Open georgerennie opened 2 weeks ago

georgerennie commented 2 weeks ago

This addresses issue #4445. There are two issues from that, one being that casting a constant of arbitrary size to an int can overflow, and the other being that the shiftadd peephole optimization creates logic that can be very large for large shift constants.

This is a simple fix to both that just disables the optimization for constants over a certain bitwidth. I have arbitrarily chosen 24 bits here but am happy to change that or discuss a more fine-grained solution than just disabling the optimization.
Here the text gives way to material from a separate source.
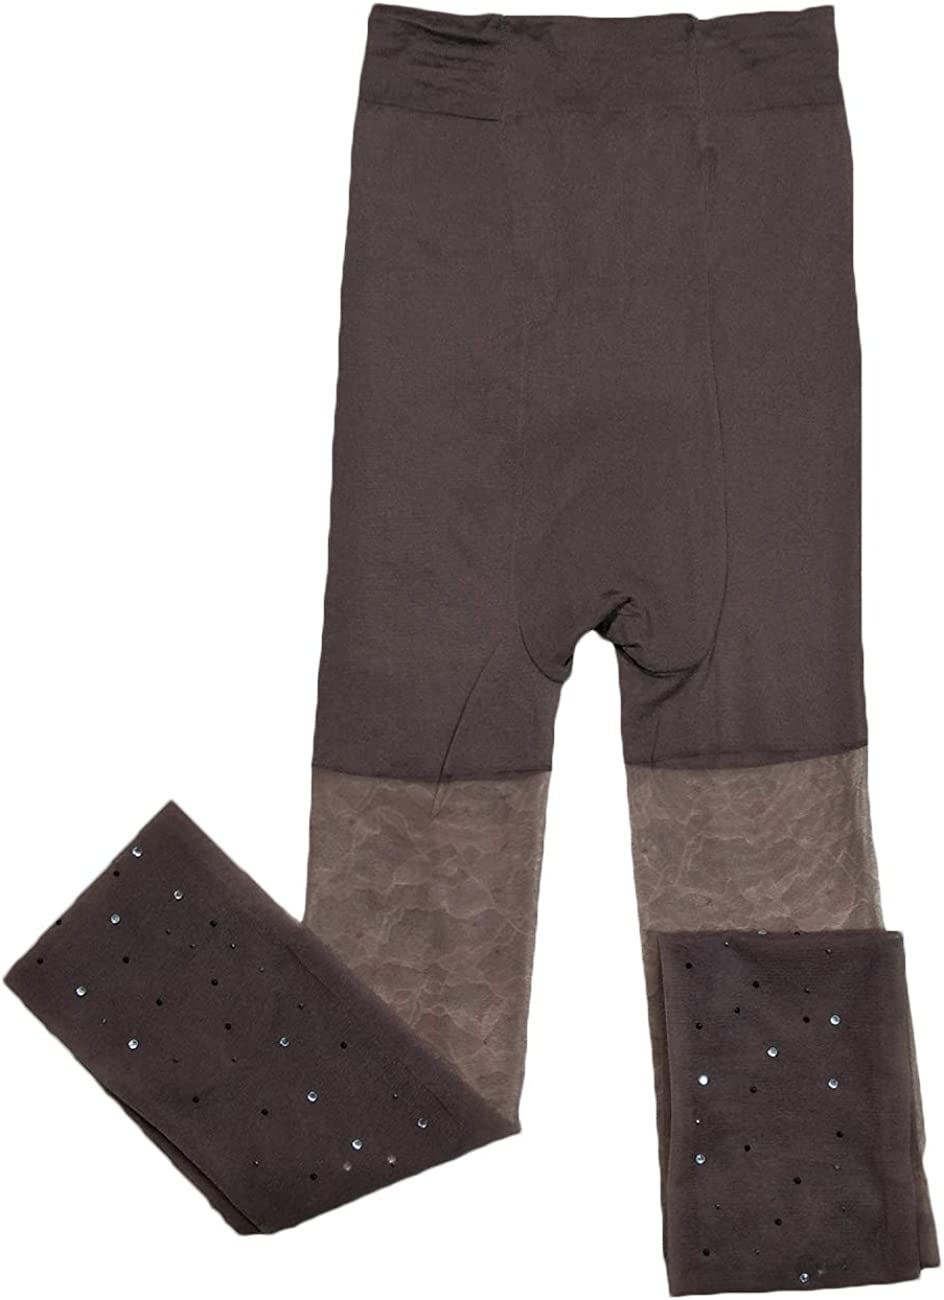 Women's 2 Pack Diamond Patch Long Lace Socks Hosiery Tights Sexy Sheer Nightwear High Stockings Pantyhose

I suspect most user code will not have offsets outside of this range.

phsauter commented 2 weeks ago

As mentioned in the issue: Verilog-2005 specifies in 4.3.1 the following: The smallest allowed upper limit on the size of a vector (number of wires/bits) is 65536 ($2^{16}$).

So a $2^{24}$ limit is certainly a good general choice.
Since this is only an optimization and it works without it, it would also be legal to select a smaller upper limit, this would be a good idea if we think it could degrade performance (of the circuit or the synthesis process).

In this particular case I could see it degrading the synthesis process in particular during techmap.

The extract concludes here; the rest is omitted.